— Dataset extract —

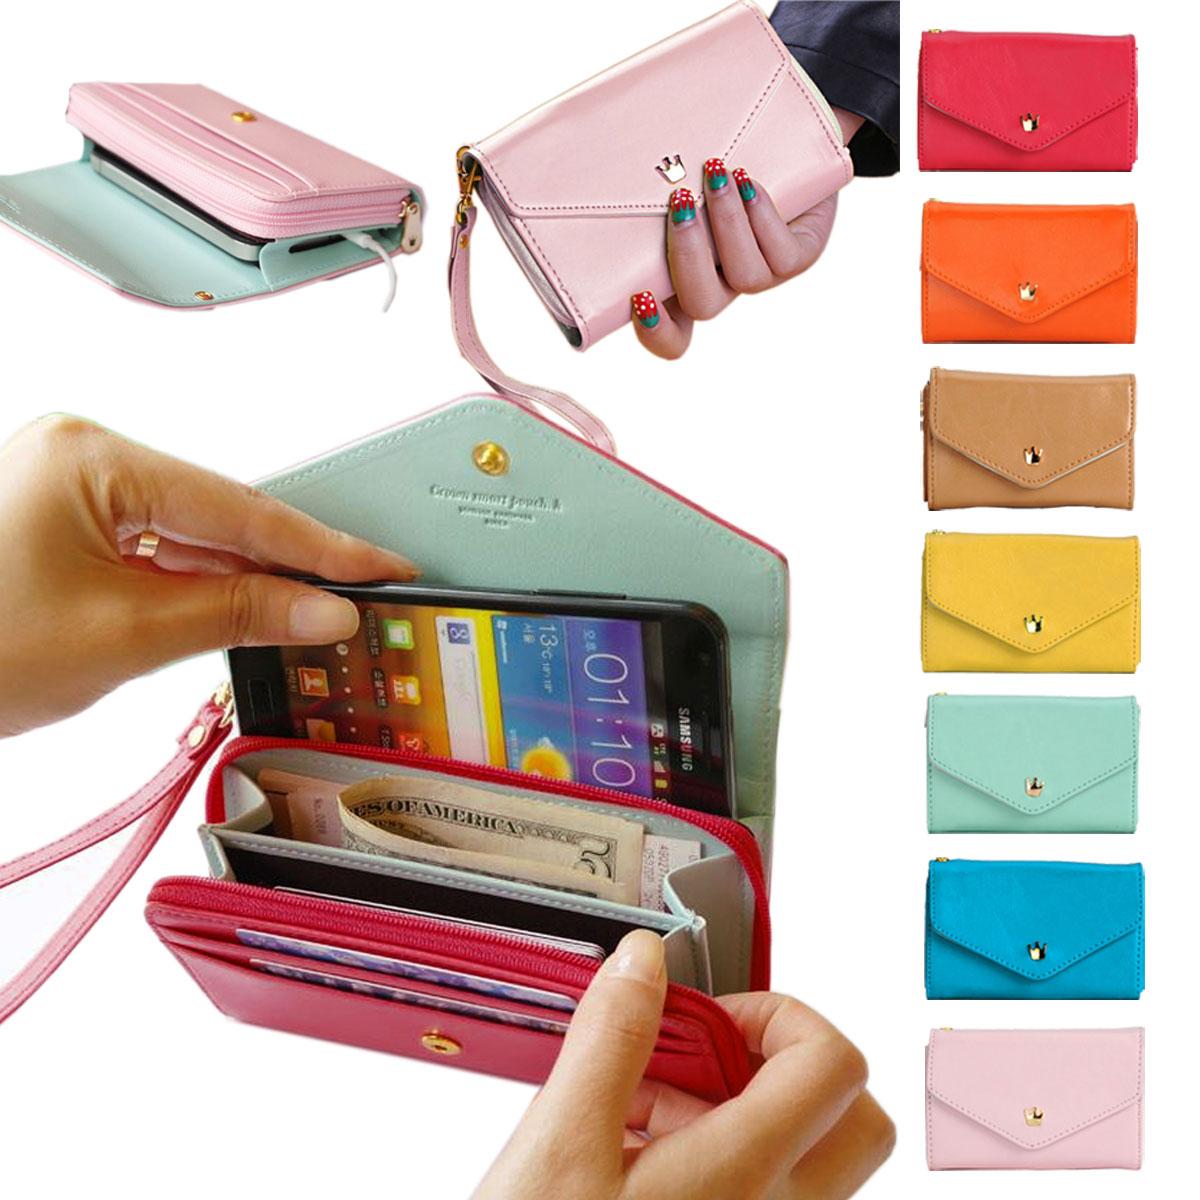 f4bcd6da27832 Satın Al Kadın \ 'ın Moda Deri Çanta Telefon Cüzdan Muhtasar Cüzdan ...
---
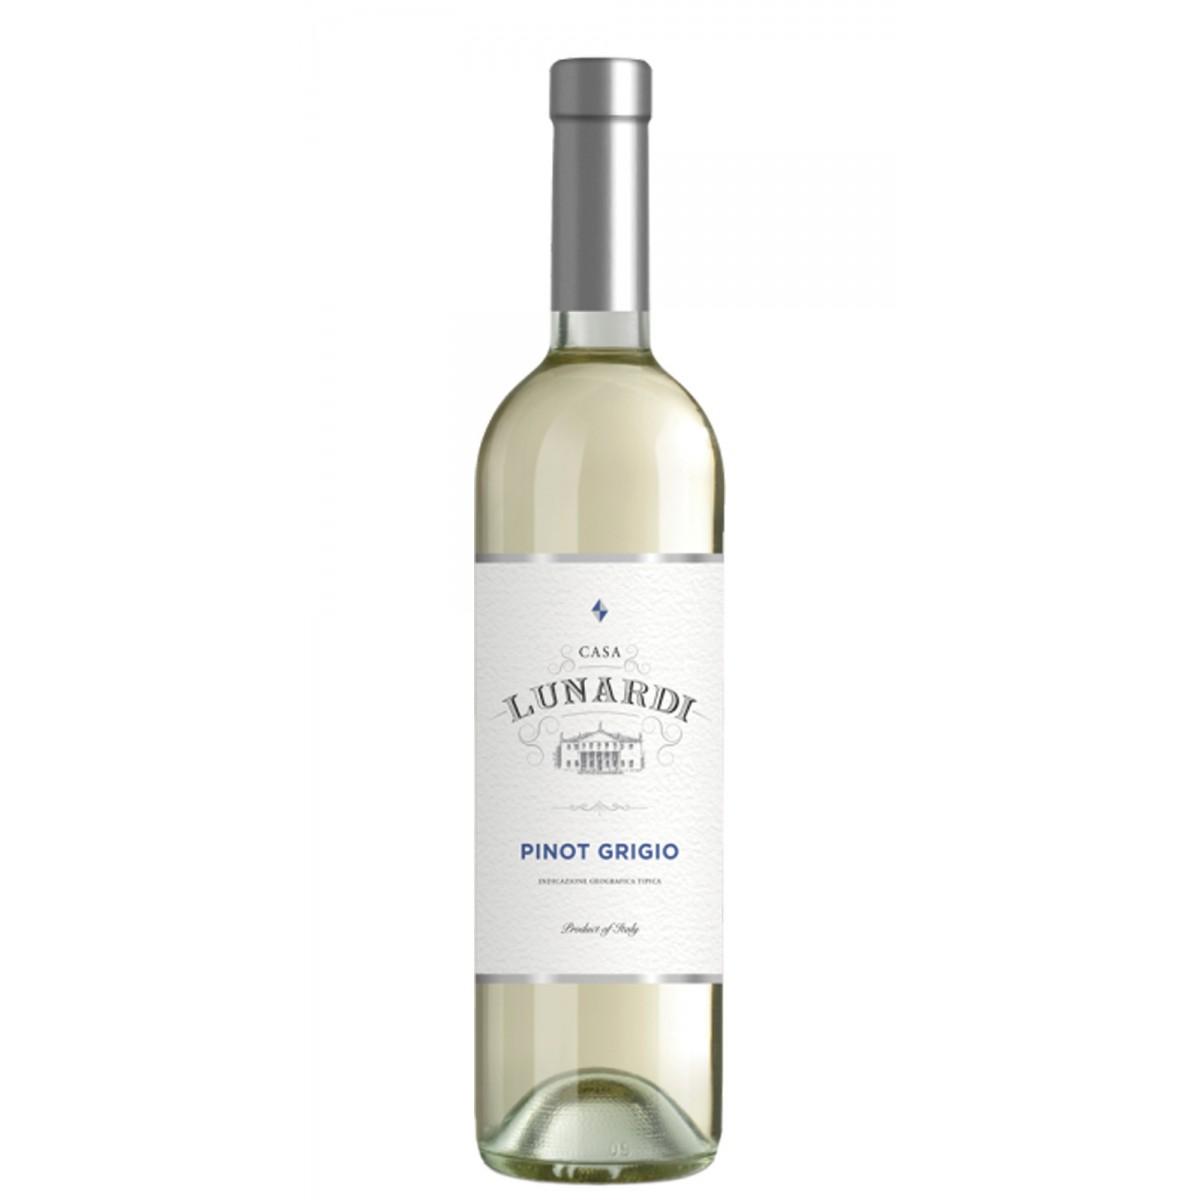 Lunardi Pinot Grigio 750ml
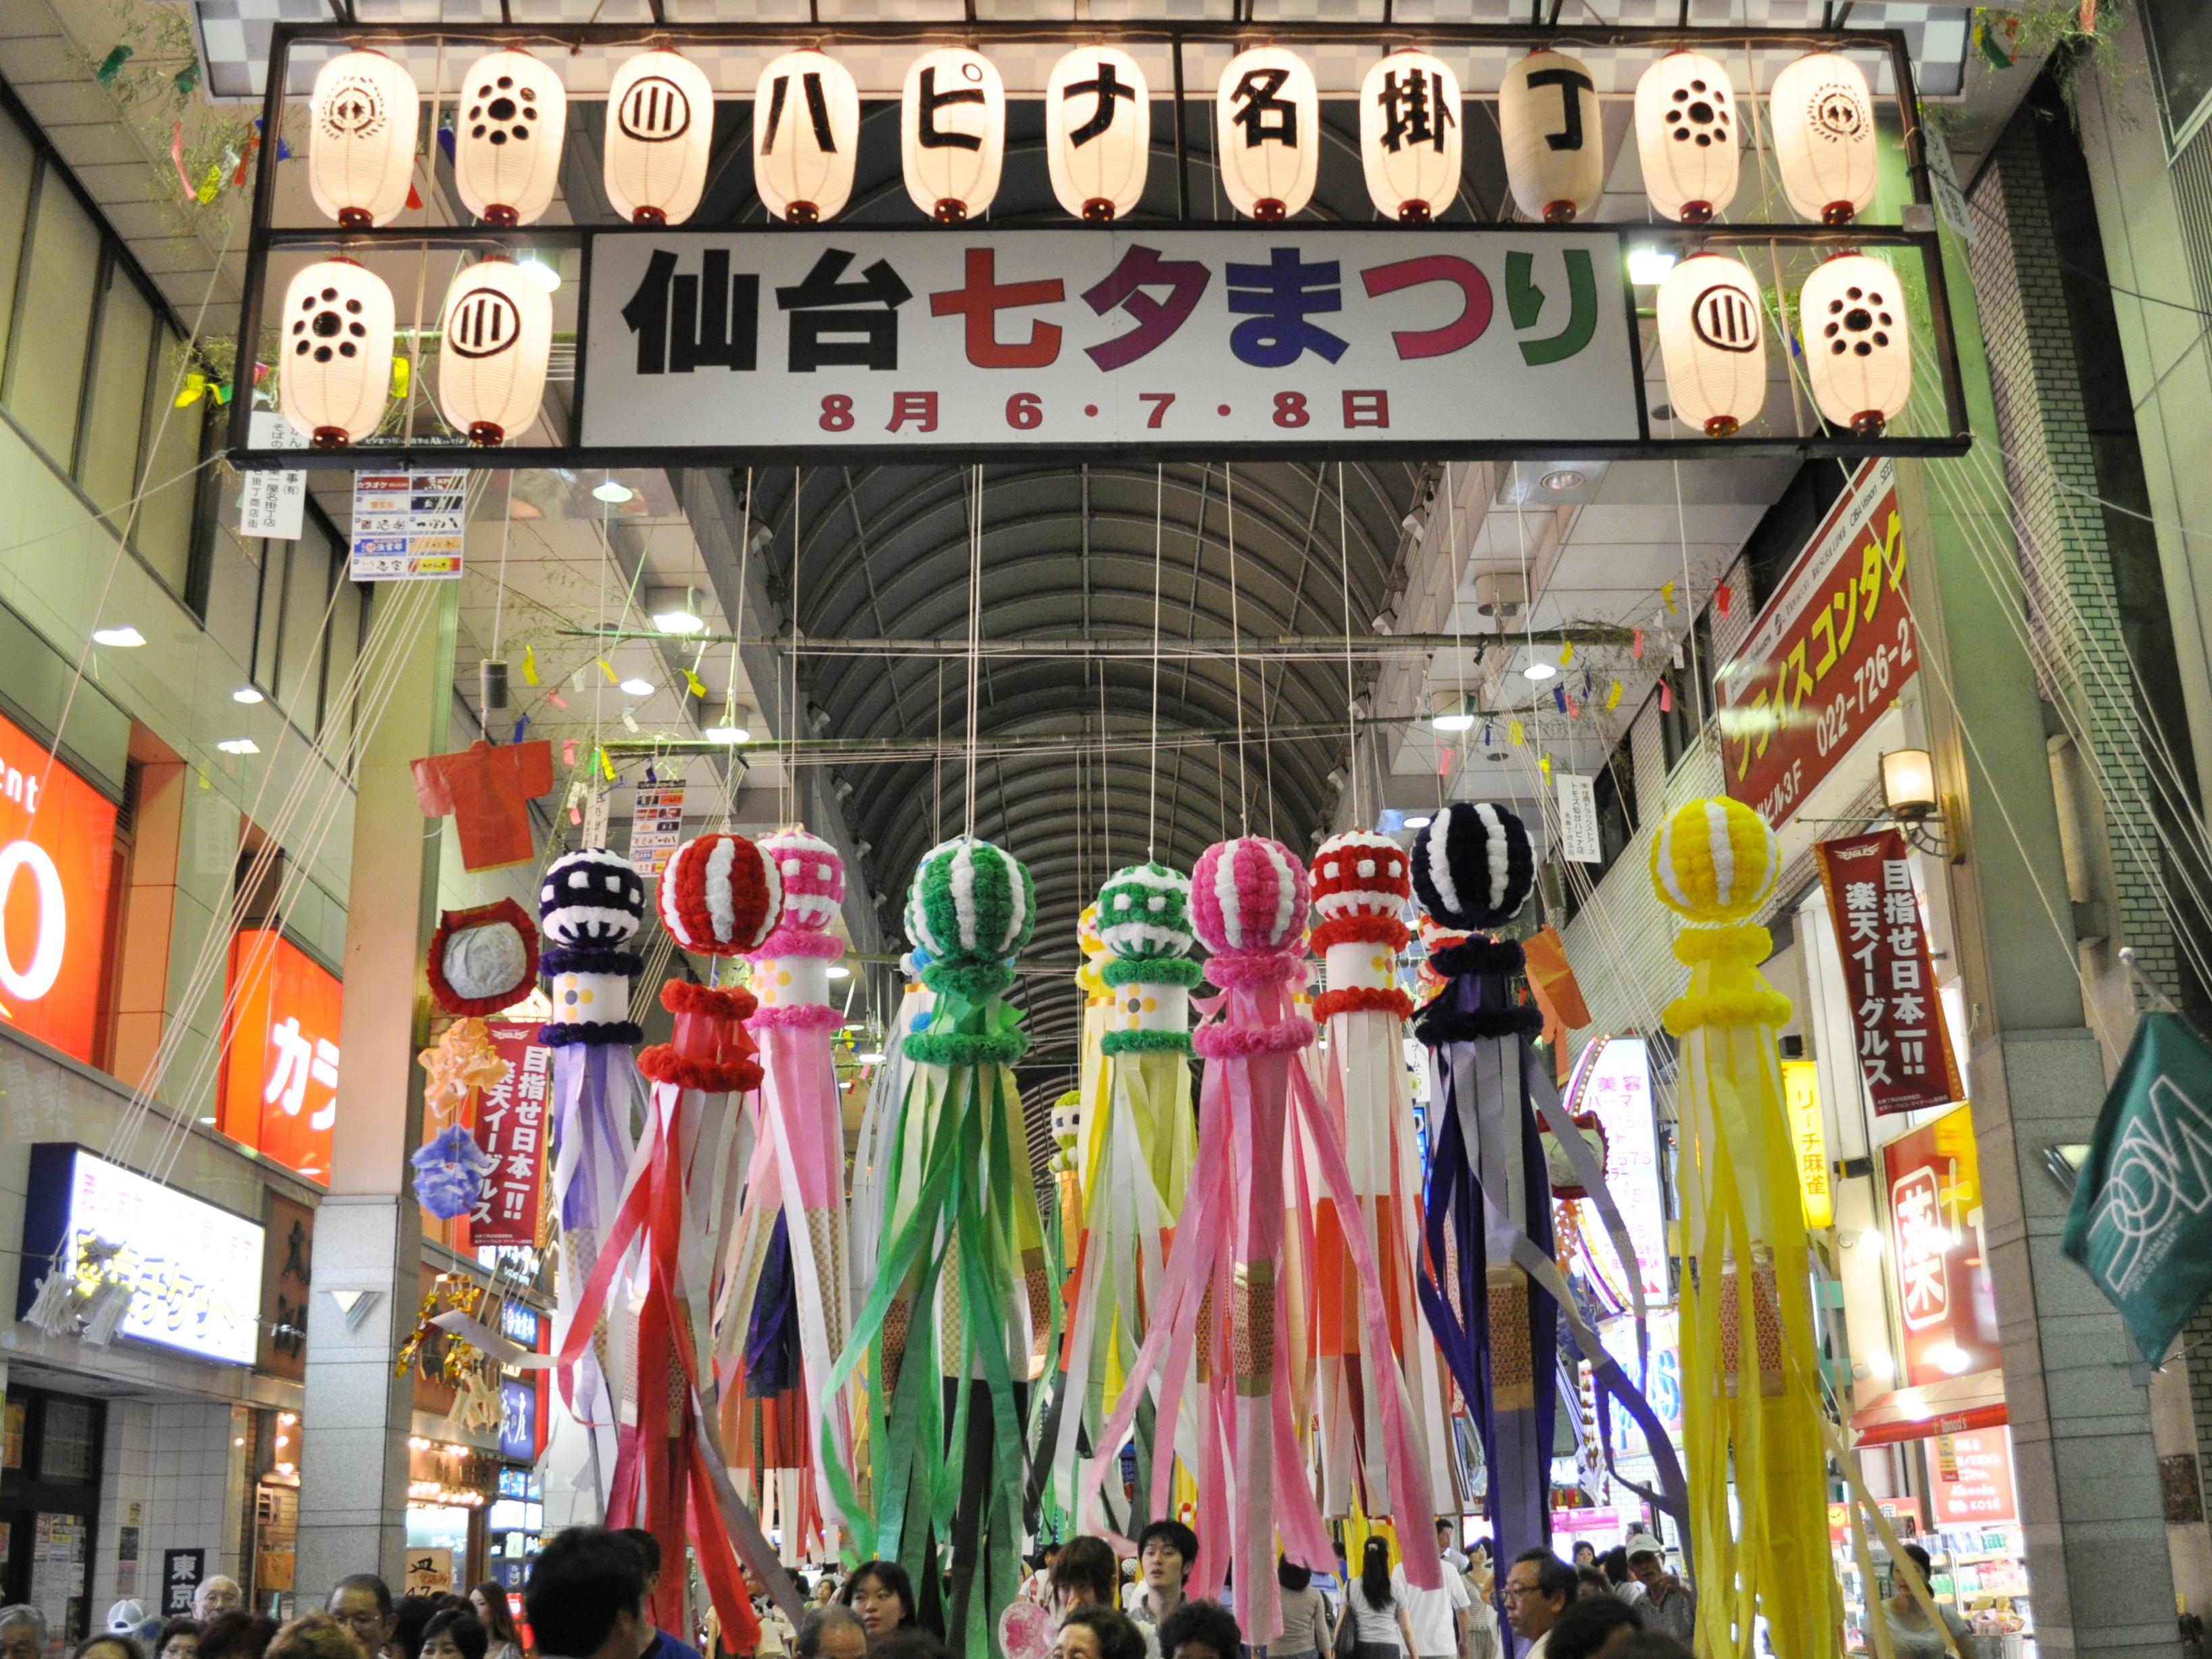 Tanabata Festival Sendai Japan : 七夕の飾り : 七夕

— Action item —
Using the listing above, restate exactly the range between the lines holding "Lunardi Pinot Grigio 750ml" and "Tanabata Festival Sendai Japan : 七夕の飾り : 七夕", inclusive, with pictures left out.

— Expected answer —
 Lunardi Pinot Grigio 750ml
 Tanabata Festival Sendai Japan : 七夕の飾り : 七夕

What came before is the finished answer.